▶ _Data shown_:
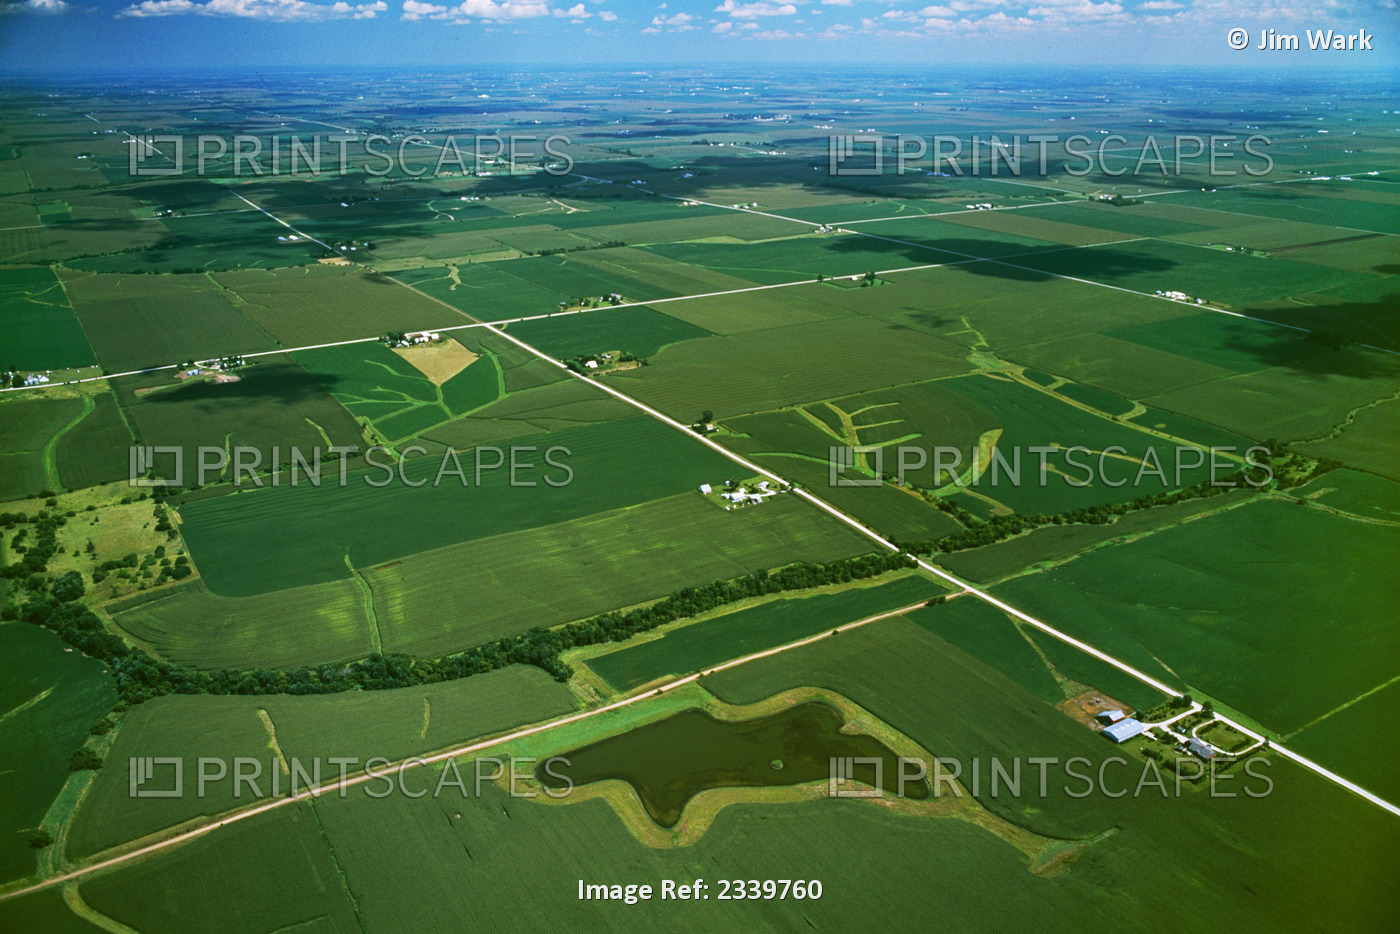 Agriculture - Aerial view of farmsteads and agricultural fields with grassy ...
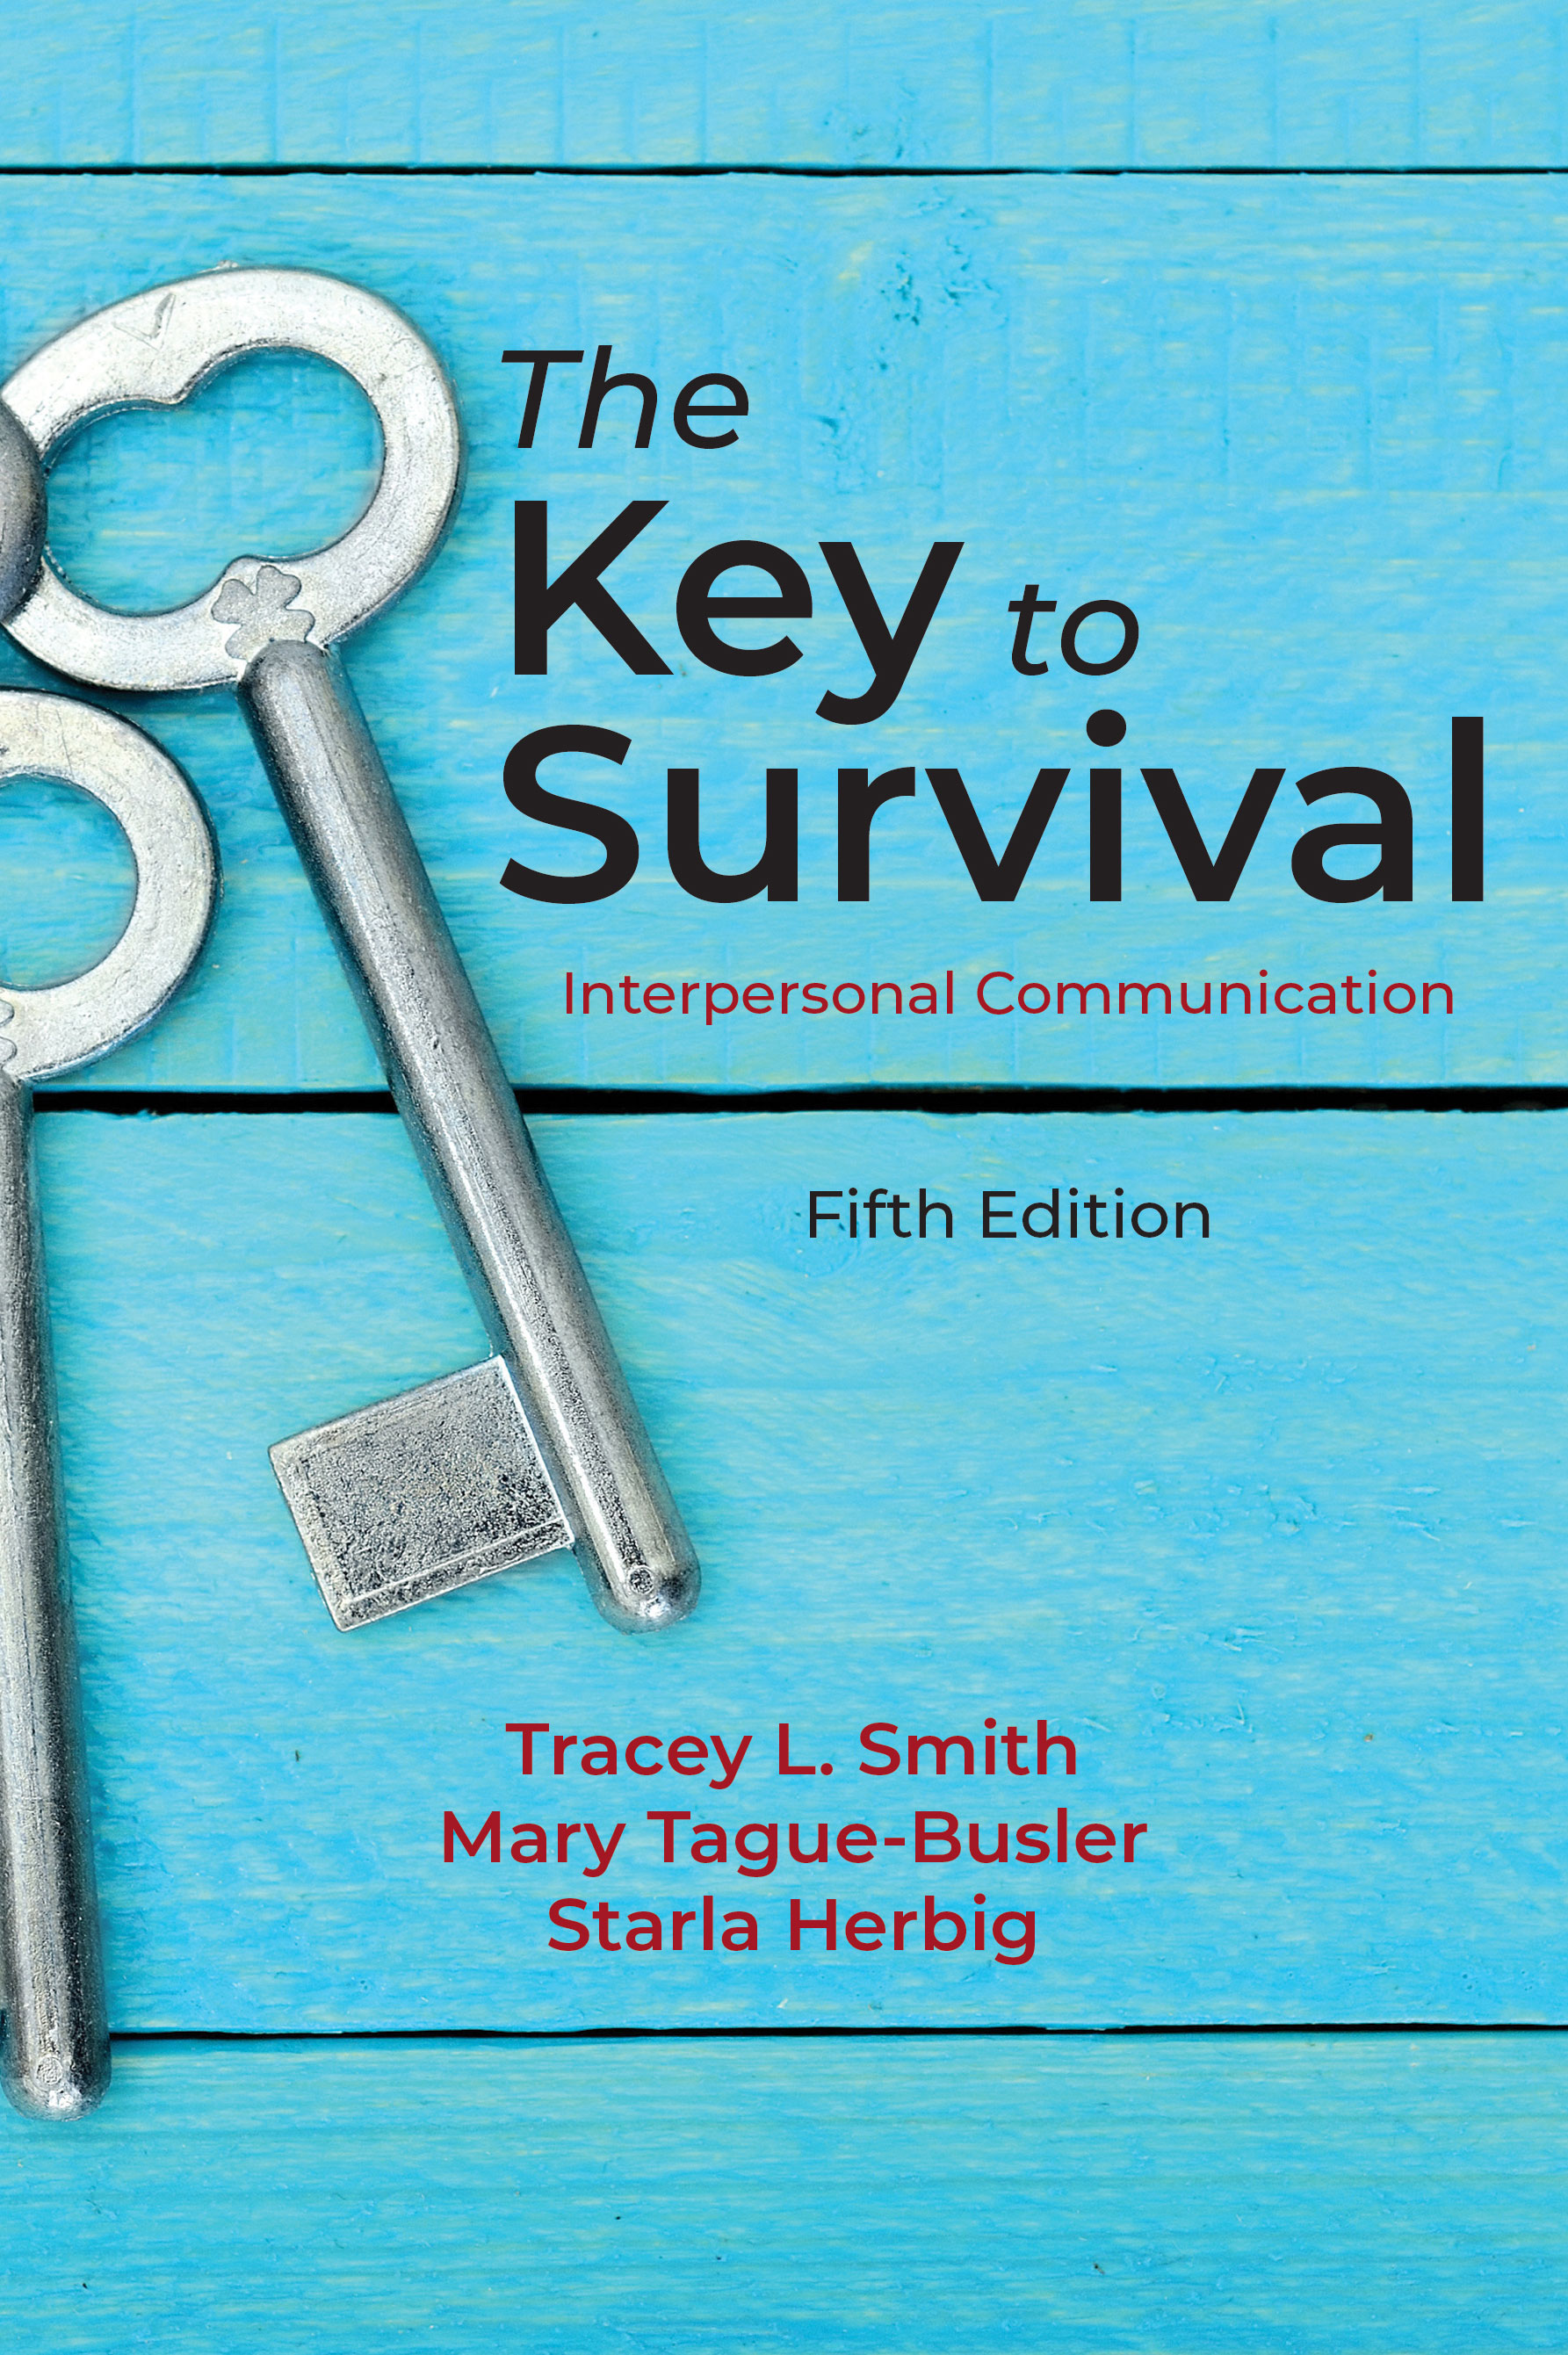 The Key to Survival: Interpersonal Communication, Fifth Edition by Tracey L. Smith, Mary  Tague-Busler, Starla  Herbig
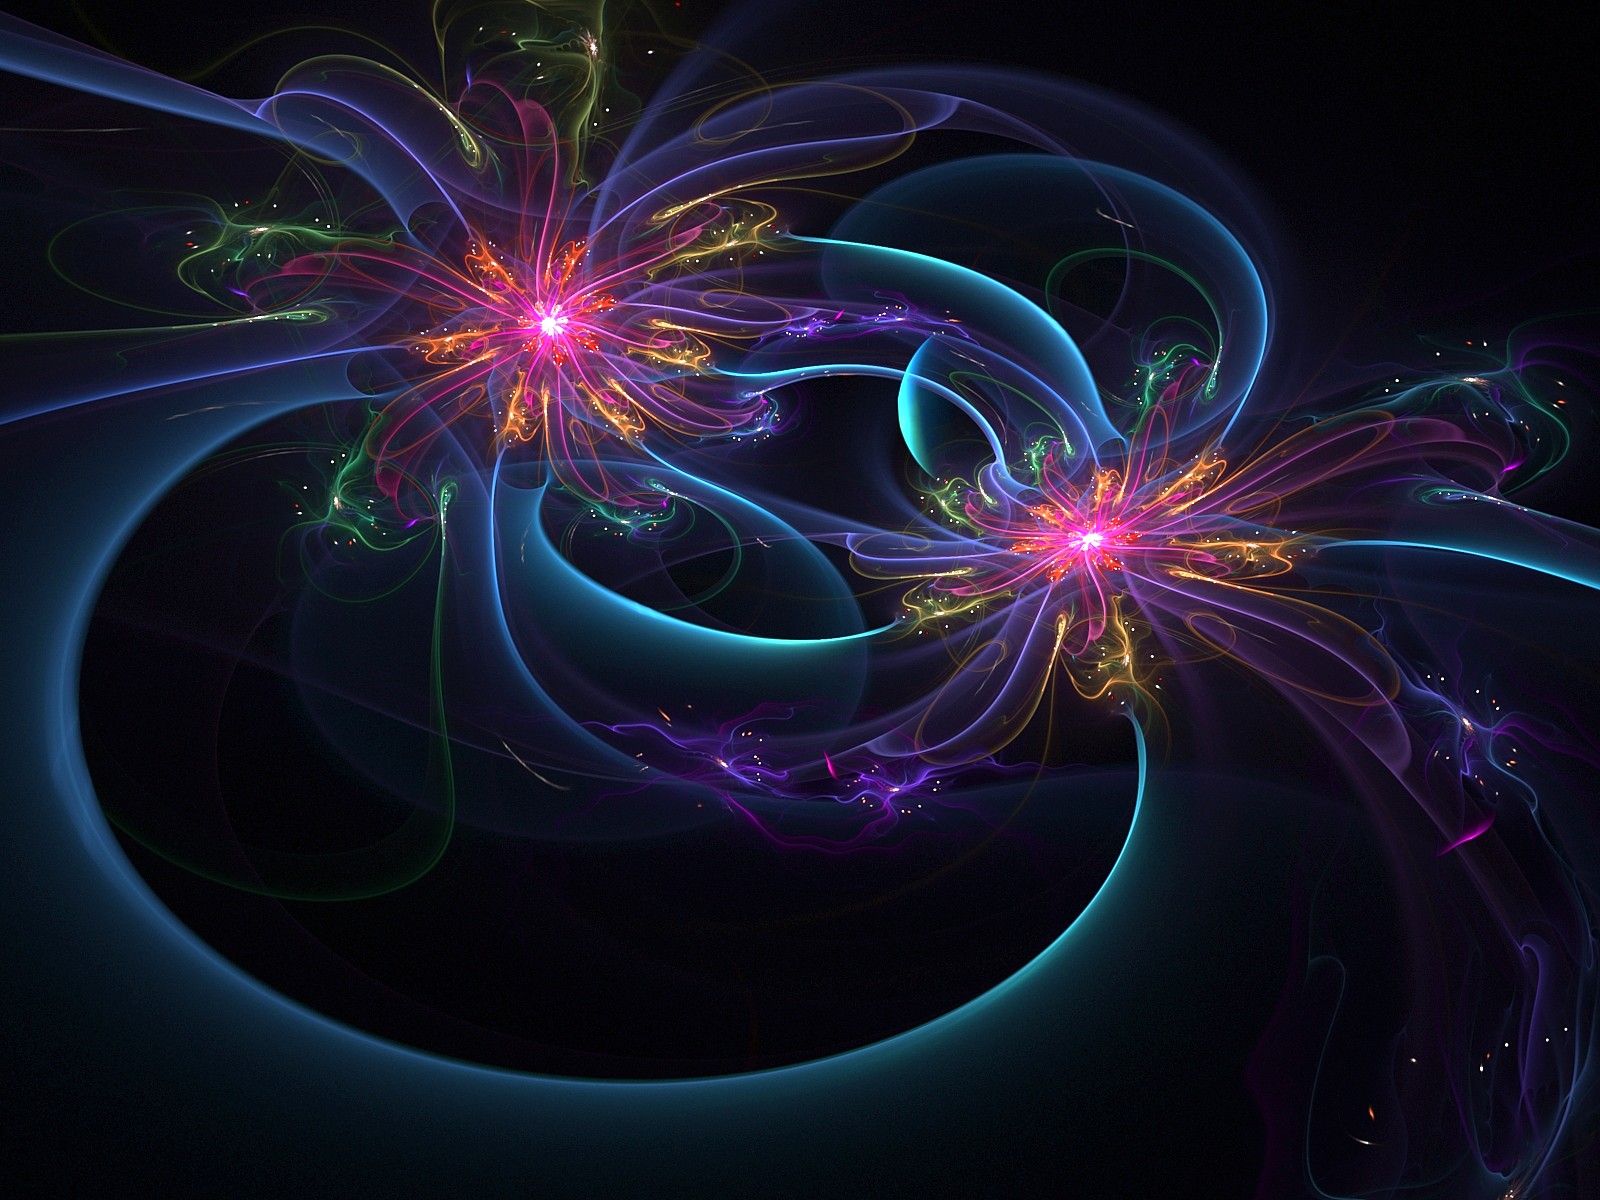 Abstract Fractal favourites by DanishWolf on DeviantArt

▶ _Assigned task_:
For this exercise, retype the listing above word for word and omit the pictures.

▶ _Solution to the problem_:
 Agriculture - Aerial view of farmsteads and agricultural fields with grassy ...
 The Key to Survival: Interpersonal Communication, Fifth Edition by Tracey L. Smith, Mary  Tague-Busler, Starla  Herbig
 Abstract Fractal favourites by DanishWolf on DeviantArt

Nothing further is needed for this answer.